* **Provided material**
BEGIN

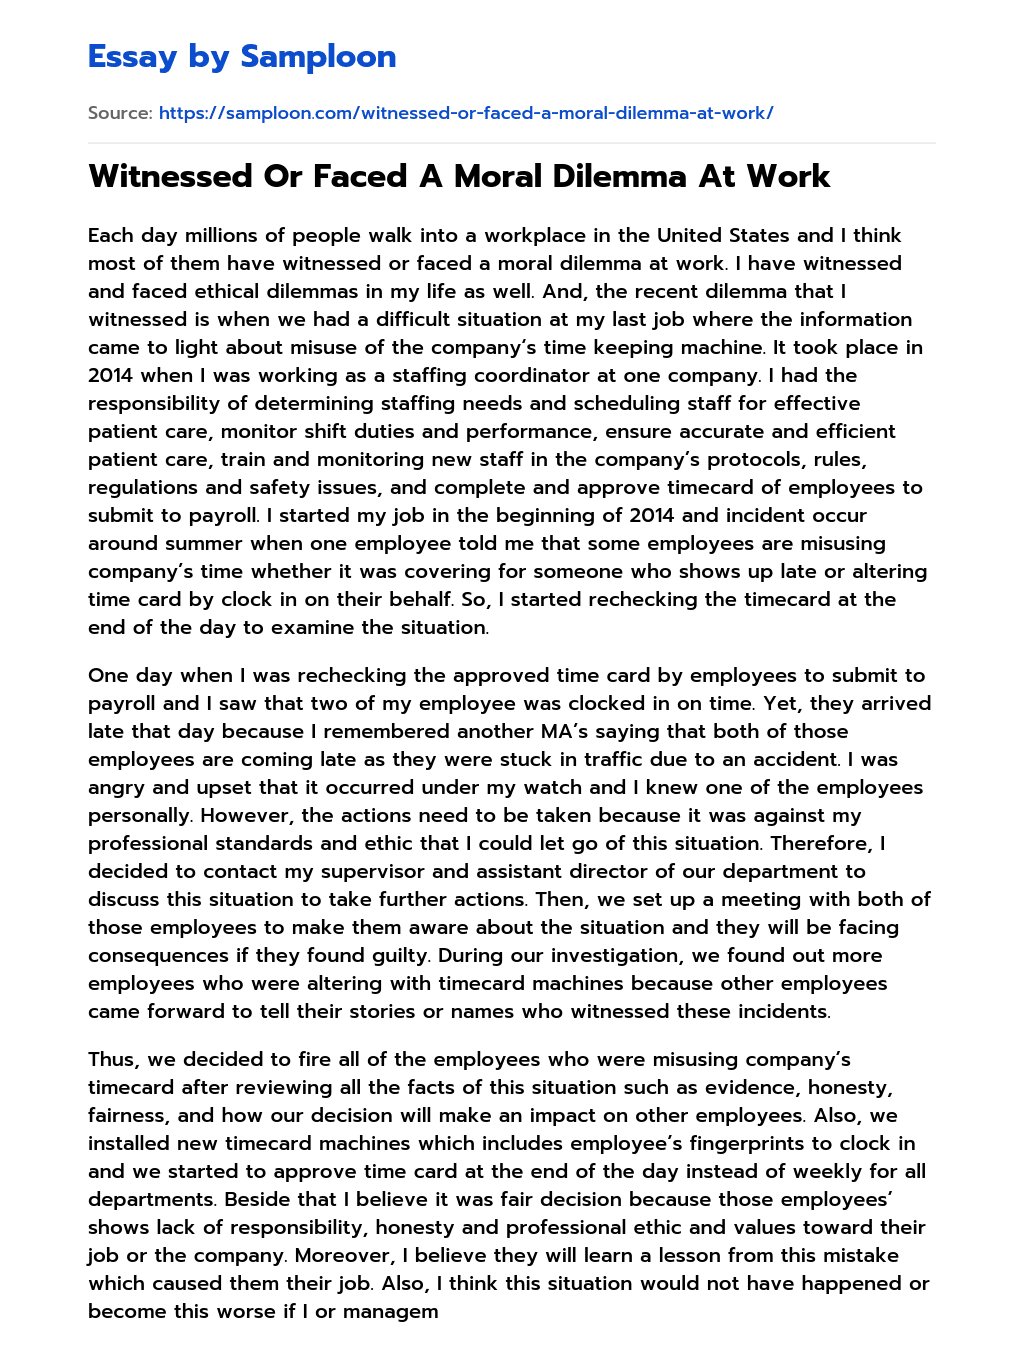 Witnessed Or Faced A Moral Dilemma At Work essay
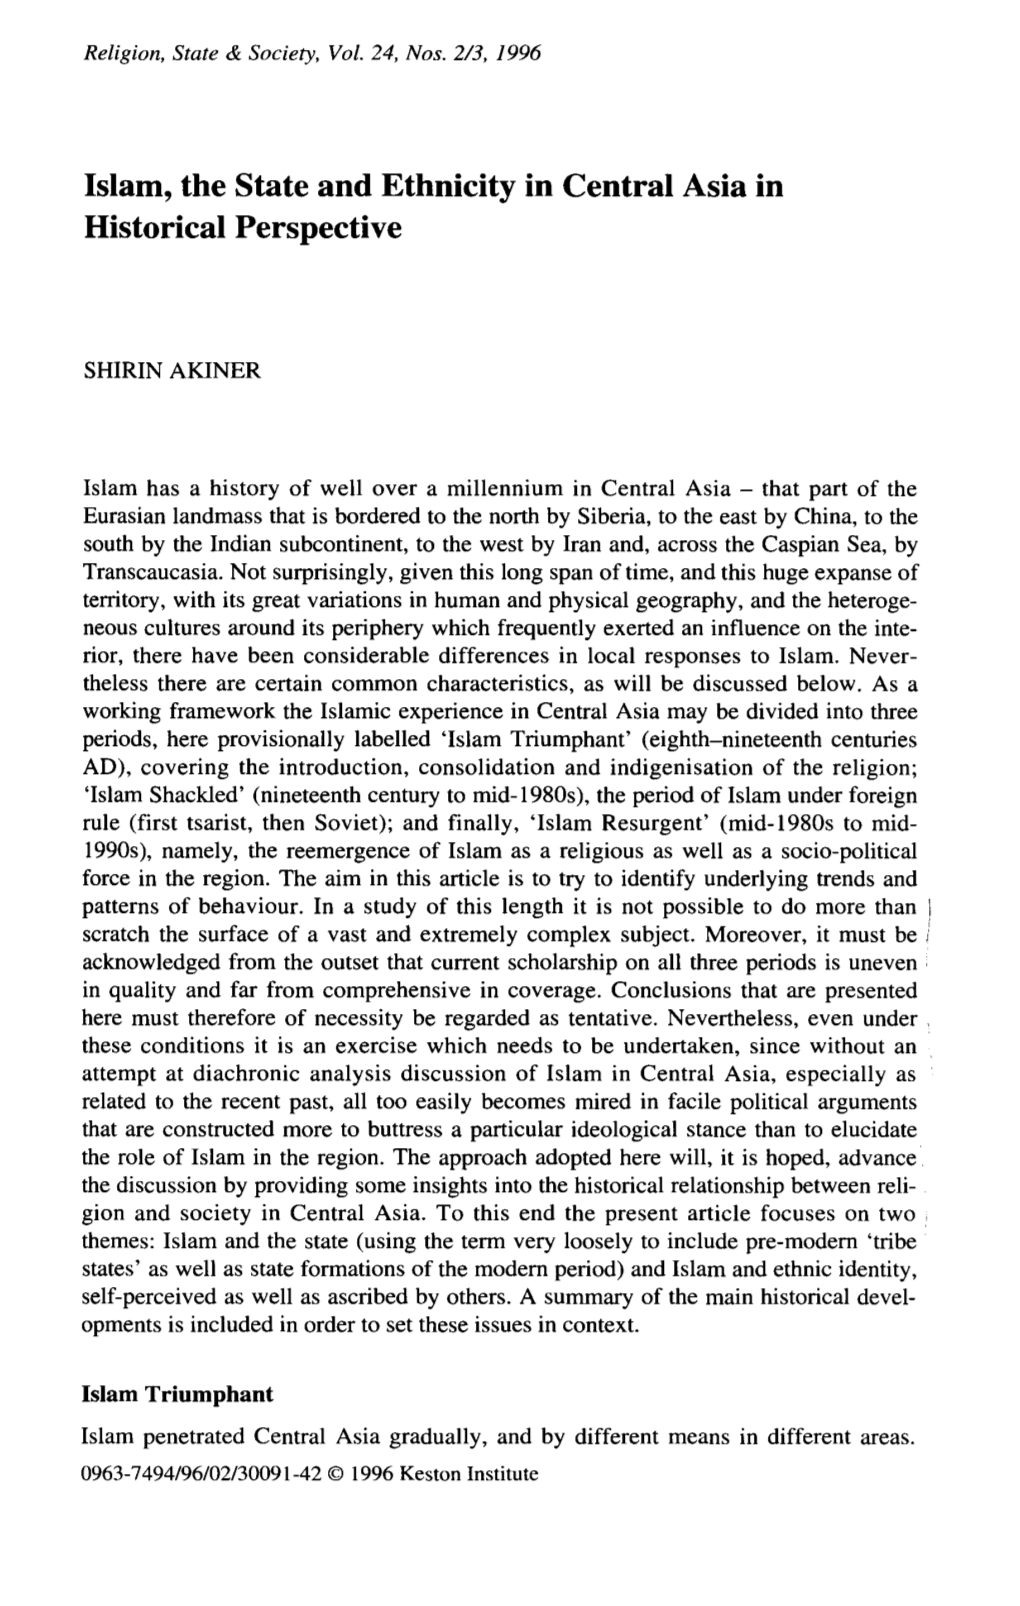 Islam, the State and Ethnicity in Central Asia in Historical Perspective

END
BEGIN

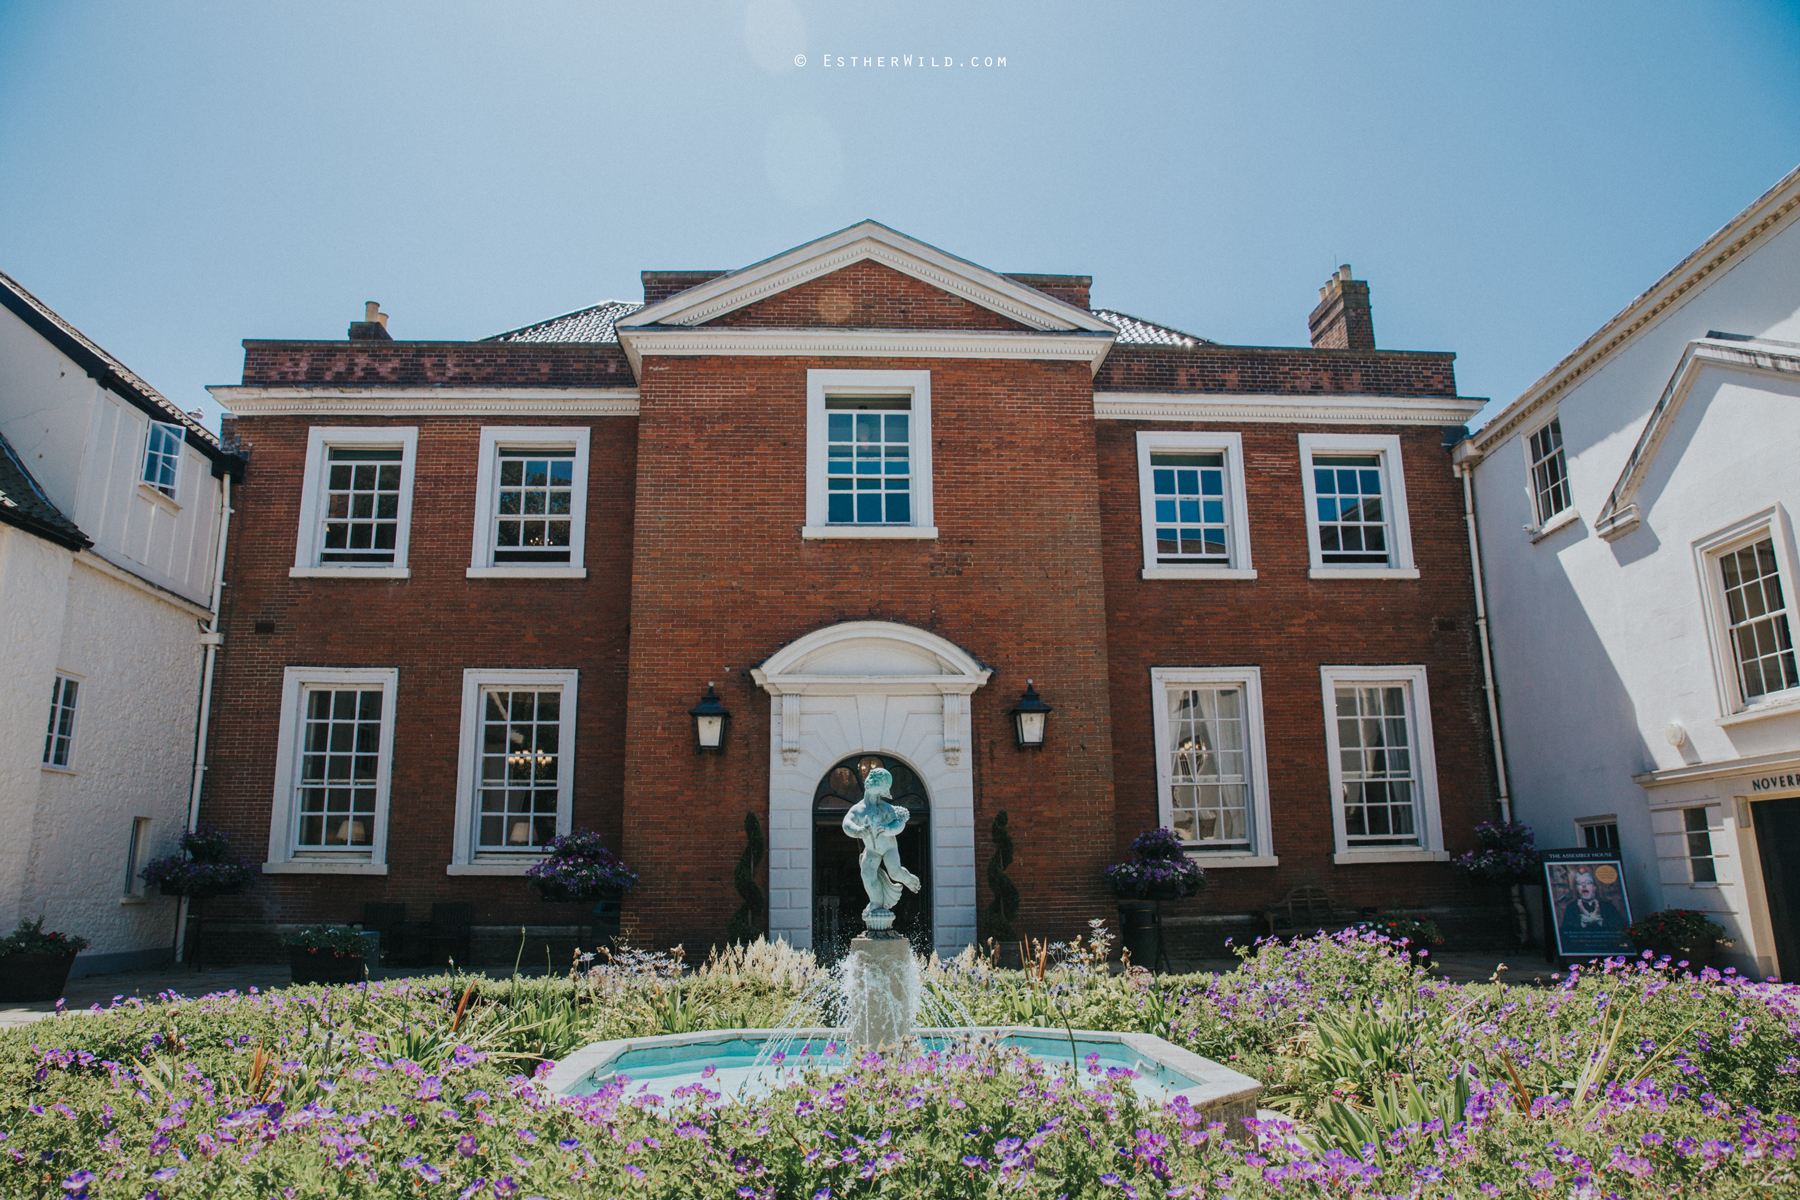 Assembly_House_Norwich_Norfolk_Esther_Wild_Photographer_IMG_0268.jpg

END

* **Exercise brief**
Repeat, without pictures, exactly the lines of the data above from the one containing "Witnessed Or Faced" through the one containing "Islam, the State", including both and adding nothing.

* **Result of this task**
 Witnessed Or Faced A Moral Dilemma At Work essay
 Islam, the State and Ethnicity in Central Asia in Historical Perspective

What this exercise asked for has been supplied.